The warning that the pandemic would cause a supply-side shock that would send inflation soaring and deliver a ’70s-style burst of stagflation was mainly an overseas fashion earlier this year.

That noted fan of government debt, Ken Rogoff, warned of “generalised shortages” that would push inflation up. British economist Tim Congdon fretted that “the Federal Reserve’s preparedness to finance the coronavirus-related spending may prove suicidal to its long-term reputation as an inflation fighter … the state can create money out of thin air, but it cannot create new goods and services in the same way. If too much money is manufactured on banks’ balance sheets, a big rise in inflation should be expected.”

Concerns about inflation in the US — which had two months of deflation before recently posting a return to positive CPI — look particularly odd given the poor recovery there. In the US Federal Reserve’s post-meeting statement overnight chair Jerome Powell’s subsequent online media conference, it’s clear that the acceleration in COVID-19 infections is badly hurting the US economy.

“On balance, it looks like the data is pointing to a slowing in the pace of the recovery,” Powell said. “We have seen some signs in recent weeks that the increase in virus cases and the renewed measures to control it are starting to weigh on economic activity.”

In Australia, Andrew Charlton carried the inflationista standard, warning in March that “trying to stimulate your way out of a supply shock is like throwing water on a grease fire. In a worst-case scenario, stimulus can exacerbate the shock as panic-buying creates shortages and rising inflation.”

Despite some thoroughgoing panic buying by many of the more unfortunate members of the community during the pandemic, prices still fell 1.9% in the June quarter, the biggest ever fall in the series, pulling the annual CPI for 2019-20 to -0.3%.

And while, as most observers pointed out, the result was driven by some one-offs — free childcare, a big fall (since reversed) in petrol prices and free preschool in a number of states, even if those were removed, the result would have been a rise of 0.1%.

The Reserve Bank of Australia’s (RBA) preferred measures were no more encouraging: the trimmed mean fell 0.1% in the quarter, while the weighted median rose 0.1%. Safe to say it was another quarter in which the RBA undershot its inflation target.

Nonetheless, this was pretty much as expected, and mainly of historical interest.
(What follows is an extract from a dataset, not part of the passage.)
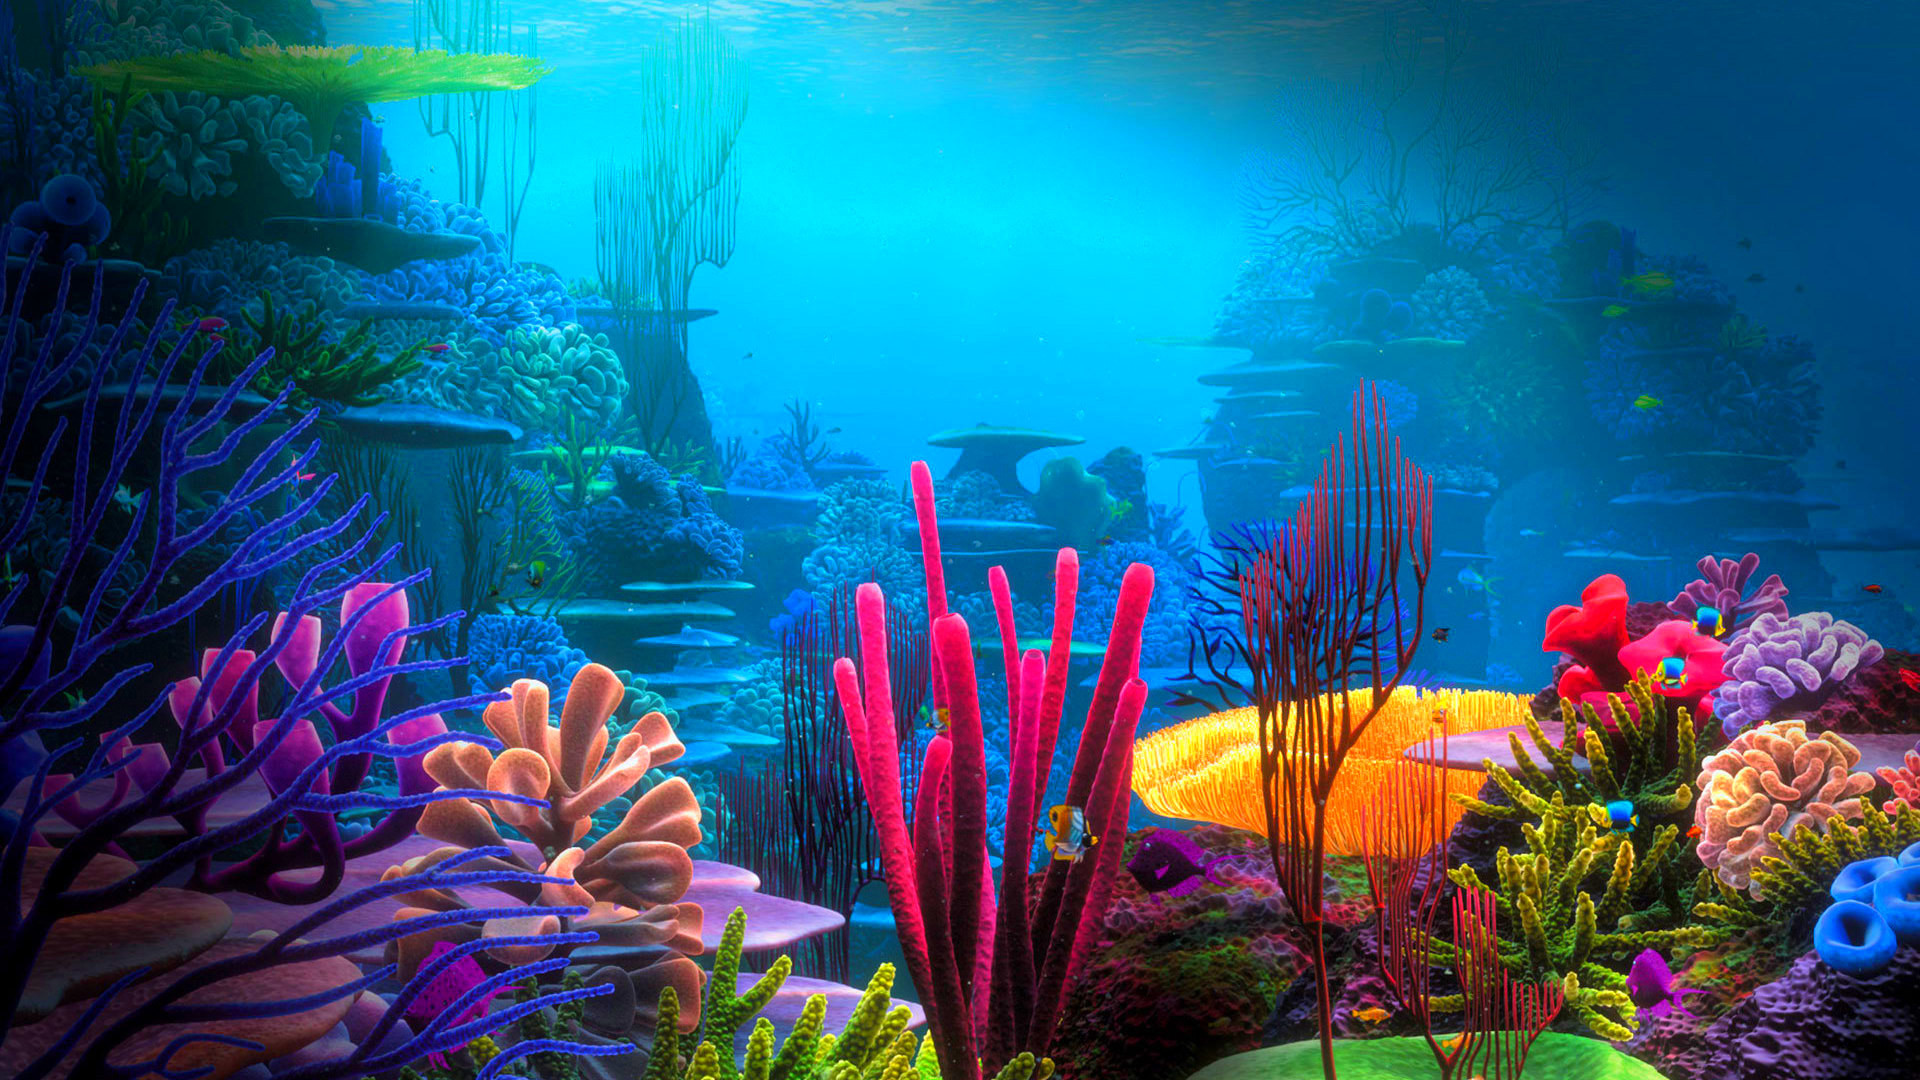 수중 라이브 벽지,자연,수중,산호초,민물 수족관,암초

The CPI will “snap back” at least a little this quarter, higher oil prices, the reversal of free childcare and the removal of lockdown restrictions opening up retailing. The strong dollar (up 25% since the lows of US57.85 cents in late March) will also have a downward impact to offset those, but we’ll likely avoid more than a one-off period of deflation, which is deeply toxic to growth (just ask the Japanese).

The key indicator now, pretty much the only indicator that counts, is jobs, and the news wasn’t good there either: Tuesday’s payroll data showed jobs continuing to decline in the first full week of July, at the same rate as they declined in late-June — -0.6% each week. Unsurprisingly, the rate accelerated in Victoria, with 1.4% of jobs lost between July 4 and July 11, but in NSW jobs also fell 0.7% each week.
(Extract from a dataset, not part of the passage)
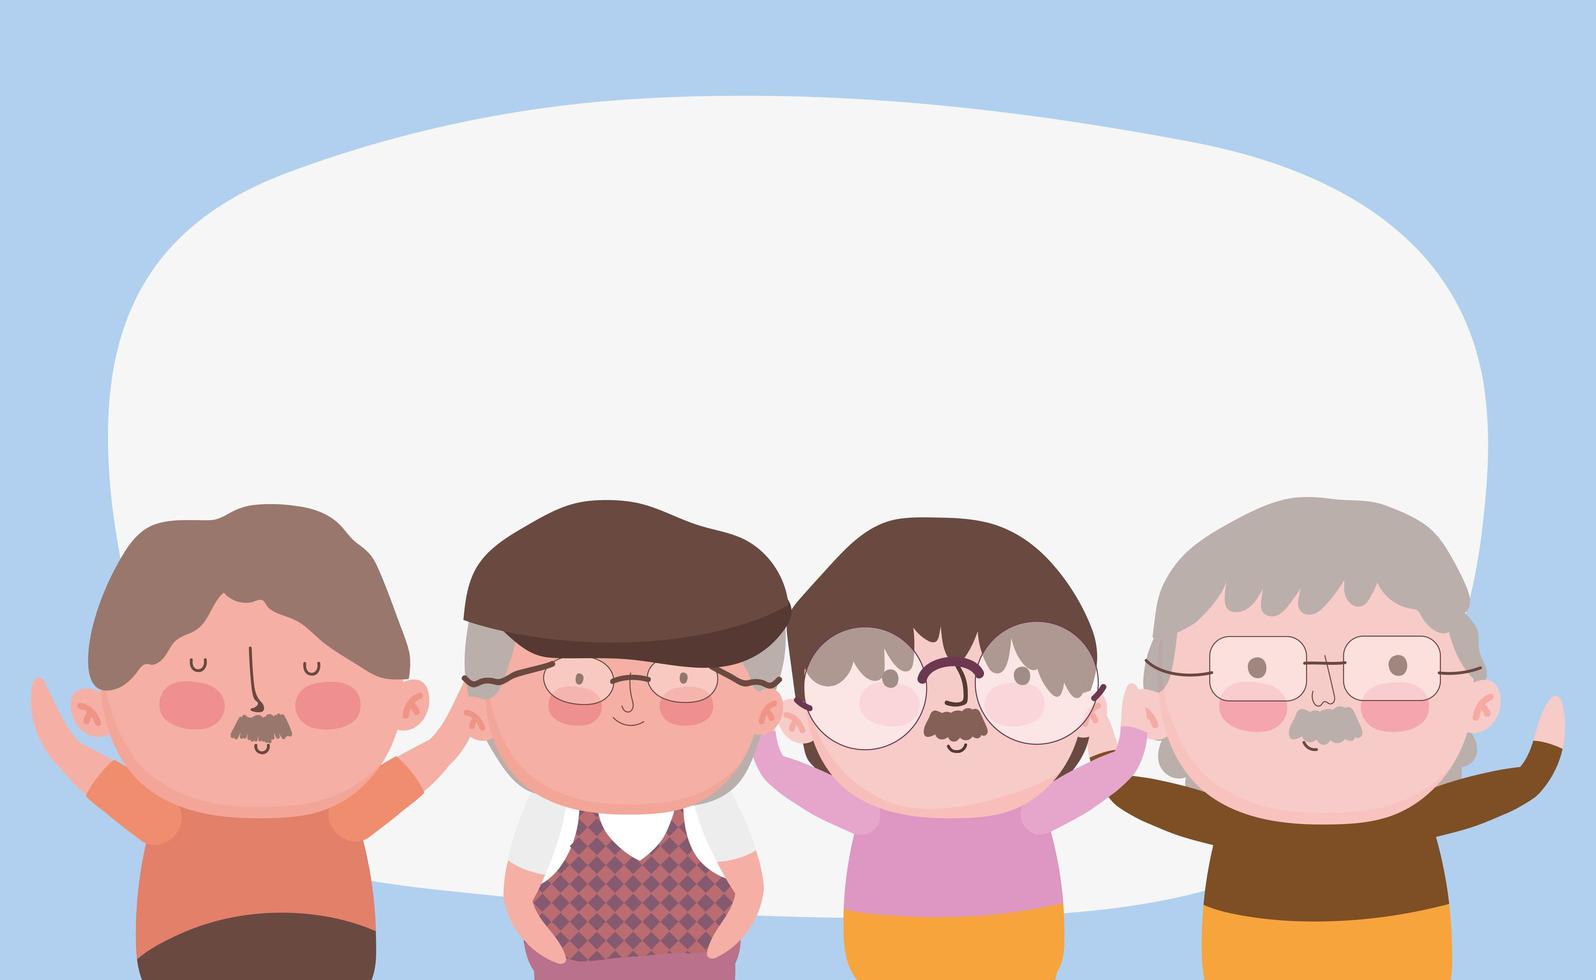 felice giorno dei nonni, personaggi dei cartoni animati dei nonni del gruppo ritratto vettore

The rate of job losses did decline in Queensland and South Australia, and WA (where unemployment is nearly 9%) is not losing any jobs currently. Economists have also pointed out that the ABS may well revise this week’s figures upward and the July jobs data may end up better than expected — but at the moment the situation is gloomy not merely in Victoria but NSW as well.

It means that, nationally, we still haven’t hit bottom in the employment impacts of the pandemic, let alone commenced the long, slow process of getting unemployment back down.

And, contrary to what you might read in the media, it’s not all down to Victoria and the Andrews government. This is a national catastrophe that has a long, long way to go.